Он остановился передо мной, оглядел с ног до головы и поправил фуражку.
— Волков, что ли? — спросил старшина.
— Он самый.
— Шмутки свои сдал?
Я понял, что он спрашивает про гражданский костюм.
— Нет еще…
Старшина подошел к лавке, где лежала моя одежда, и пощупал пальцами ткань пиджака.
— Матерьялец, — сказал он. — Импортный клифт небось? Толкнуть его не желаешь?
Я только пожал плечами.
— Ладно, собирай все, сдашь в отряде в каптерку.
Колония располагалась на окраине большого областного центра на Урале. Но города так и не увидел. Когда через два года за мной закрылась дверь проходной, первым и единственным моим желанием было поскорее добраться до вокзала.

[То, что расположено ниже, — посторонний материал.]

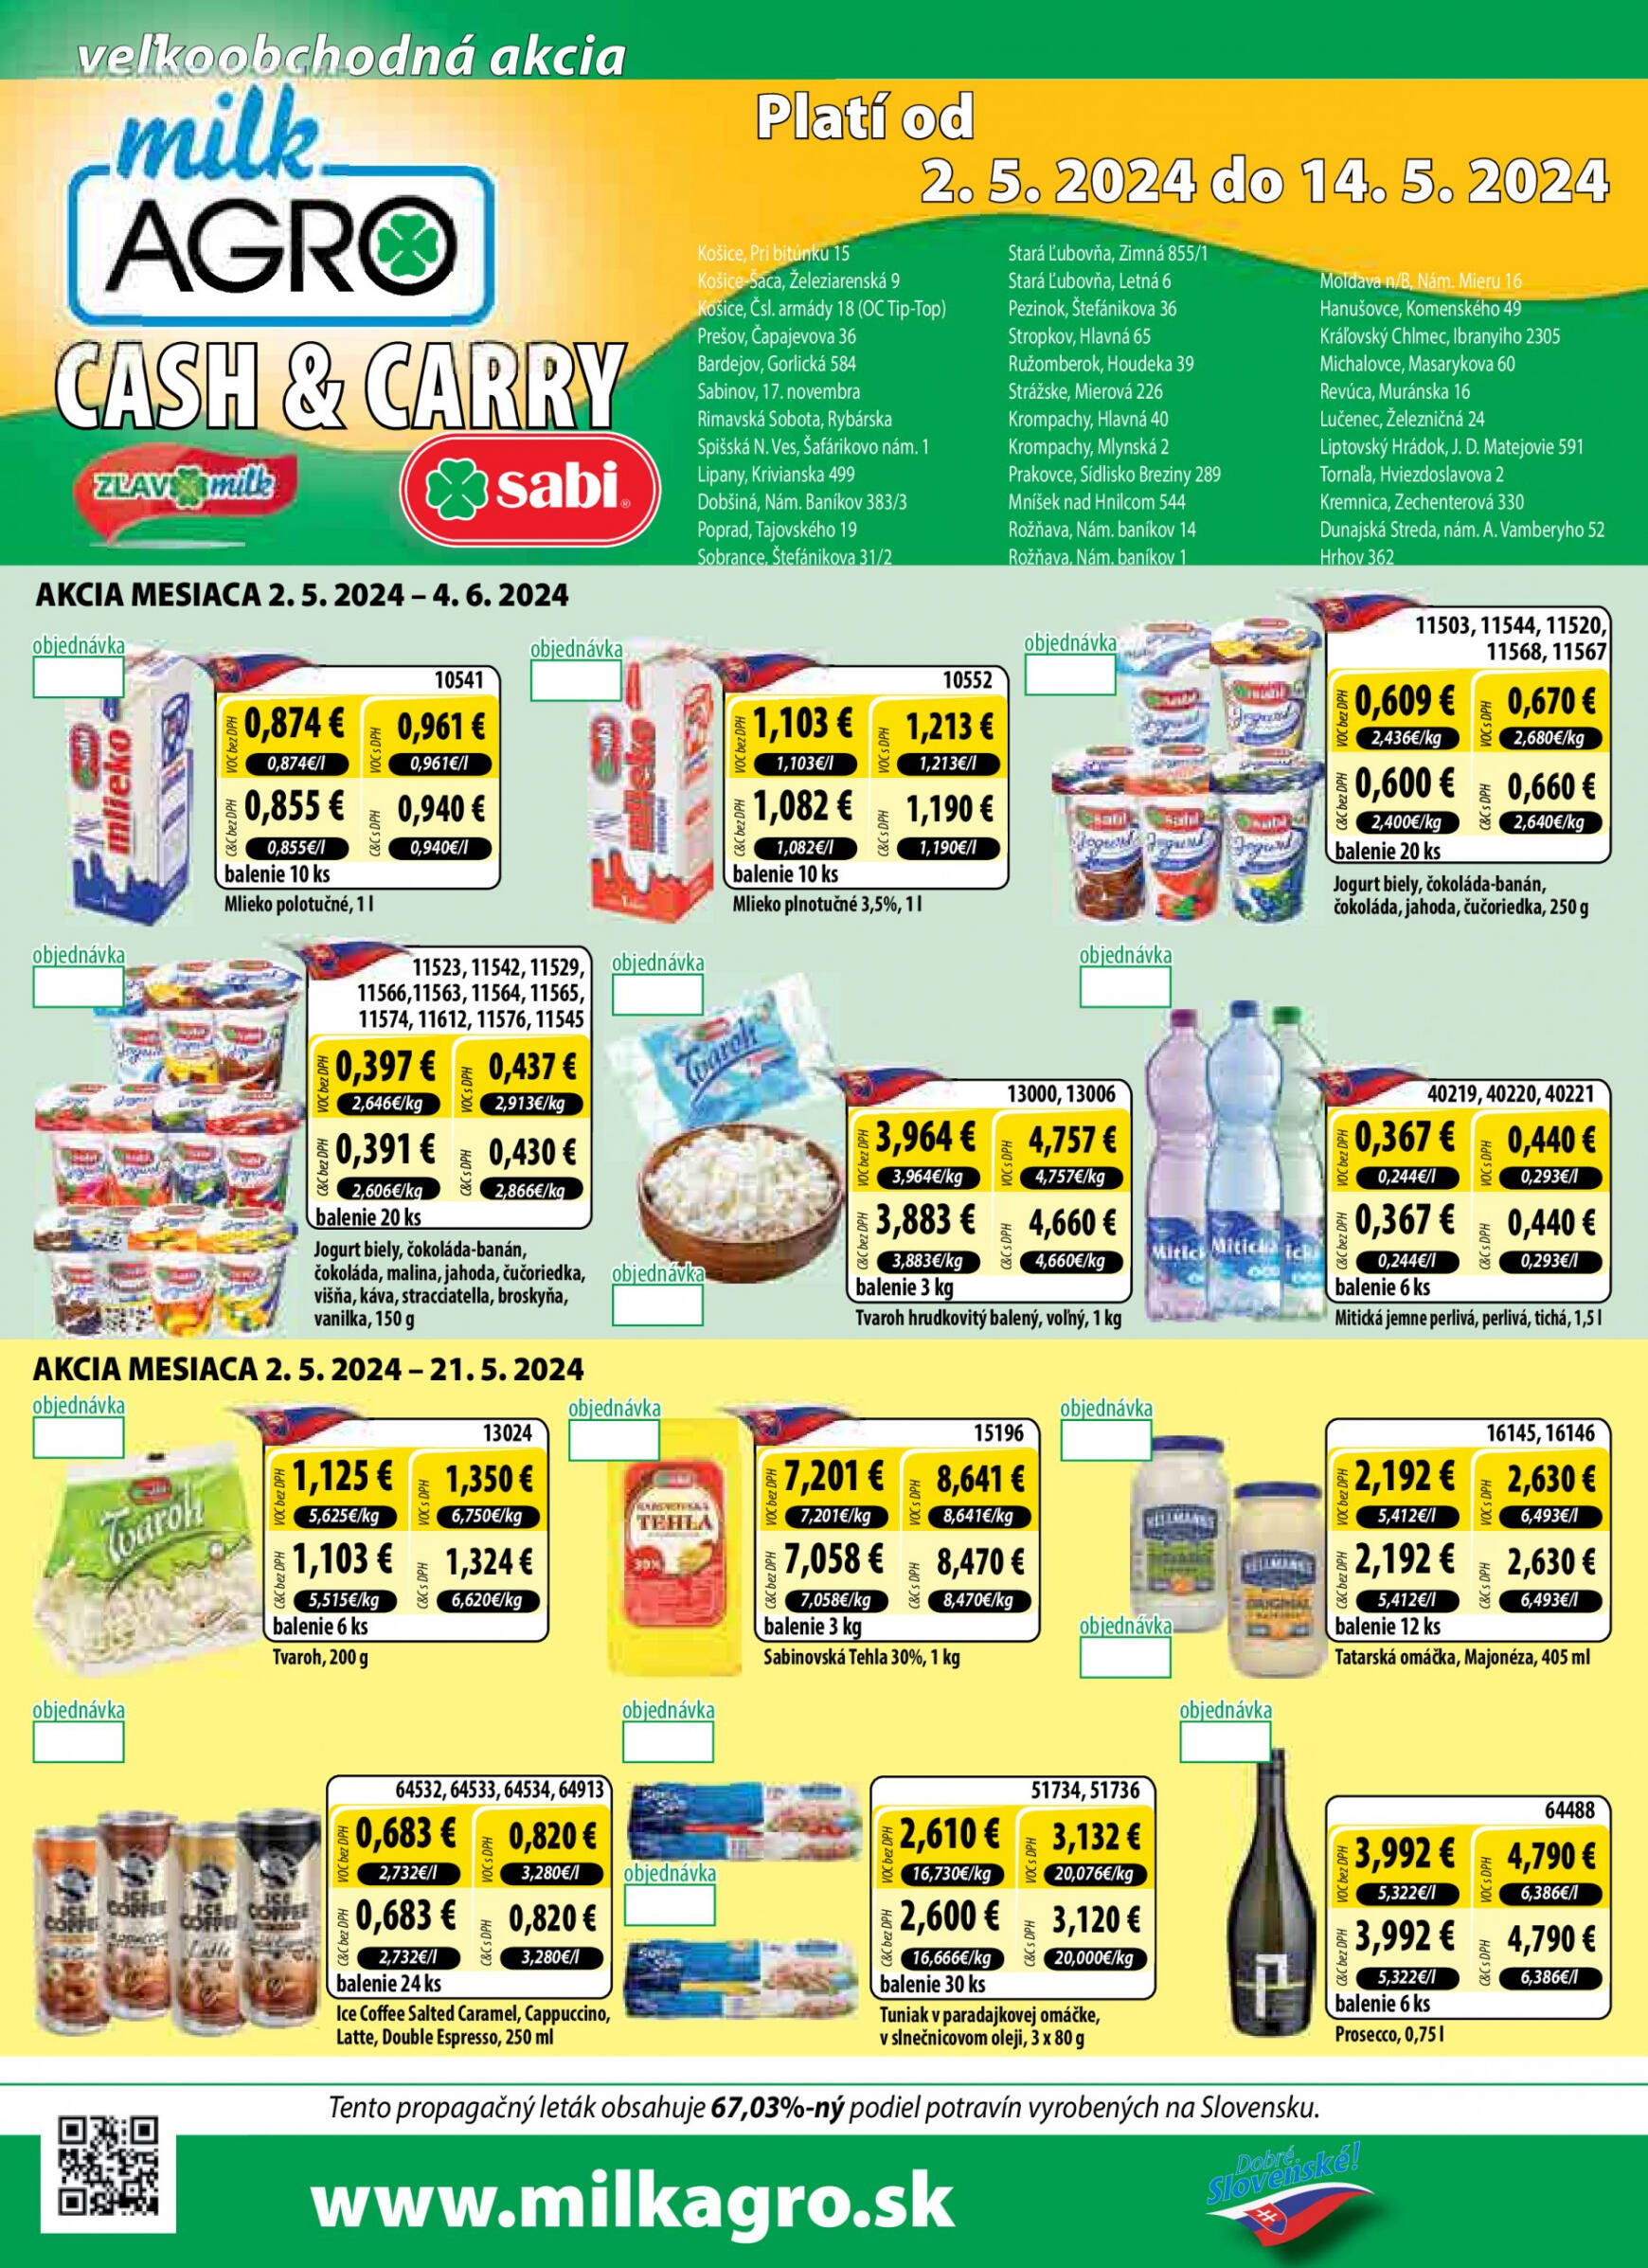 milk-agro - Milk Agro - Cash & Carry leták platný od 02.05. - 14.05.

Но иногда город сам приходил к нам в лице своих представителей. Это были артисты из драматического театра и музыкальной комедии, лекторы из общества «Знание», однажды пришли поэты и взбудоражили надолго заключенных — в неволе их сердца странным образом ожесточаются и становятся сентиментальными одновременно.
Итак, города я не видел. Впрочем, колония сама была маленьким городом. Внутри «зоны», обнесенной забором, находились две территории: жилая и производственная. На производственной располагались завод электроарматуры, снабжавший многих заказчиков страны — от Калининграда до Владивостока, техническое училище, средняя школа, склад готовой продукции, клуб, больница и другие объекты. Ну а в жилой мы проводили ночь и свободные от работы часы…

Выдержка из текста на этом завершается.